> only a smallish subset of wireless headsets support it.
That was true a couple of years ago. Now apt-x support is pretty common even in $20 niche. You can buy FiiO BTR3 for $50 (at Taobao), and it supports everything from apt-X (HD and LL) and LDAC (contributed to the Android Open Source Project by Sony) to Huawei HWA, works as USB-DAC too, and you can plug your favorite headphones into it.
It's flat untrue, too. You can hear audio latency nearly down to single-digit milliseconds. In fact, there's a fun recording trick where you duplicate a track, pan it hard left and the original hard right, and then delay one by 10ms. (They get heard as two separate parts even though they're completely identical.)
Yeah that's probably fine.

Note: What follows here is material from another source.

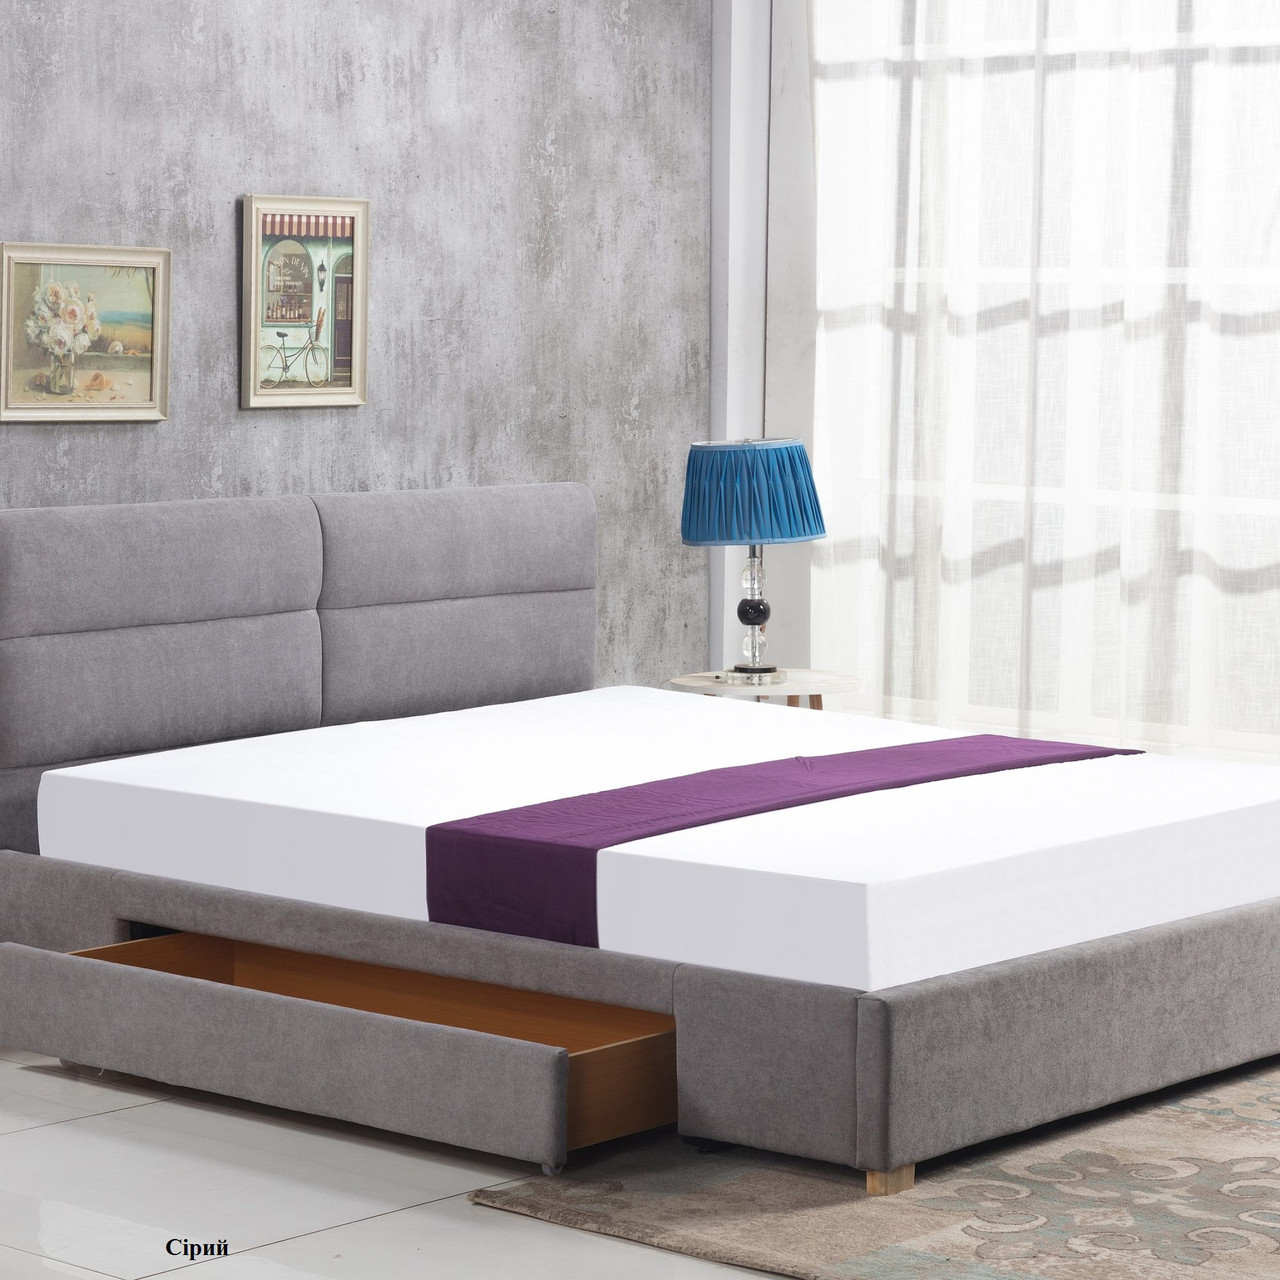 Ліжко двоспальне в спальню Польша Merida 160*200 Halmar

Humans have some sync tolerance because speed of sound is so low. Something 15m away will have 44ms delay of the sound compared to the vision.
But there are other areas where tolerance matters more I think. Say you press a key and sound comes either after 5ms or after 50 ms. I think that would be noticeably different.
Interestingly, I use Bluetooth headphones with my TV and I have never noticed issues with audio/video sync. Have modern Bluetooth stacks reduced the problem or is the TV compensating for the latency by delaying the video?
"100ms" probably comes from the long distance telephony investigations into round-trip time. If I remember correctly, 100-ish ms RTT was when people would start to notice the delay, and conversations became very difficult above ~200 ms. As a result, a lot of telephony hardware tries to keep latencies under that limit.
The brain obviously notices far smaller latencies.
Not to mention Apple’s beef with Qualcomm means we’ll probably never see apt-X support in an iPhone.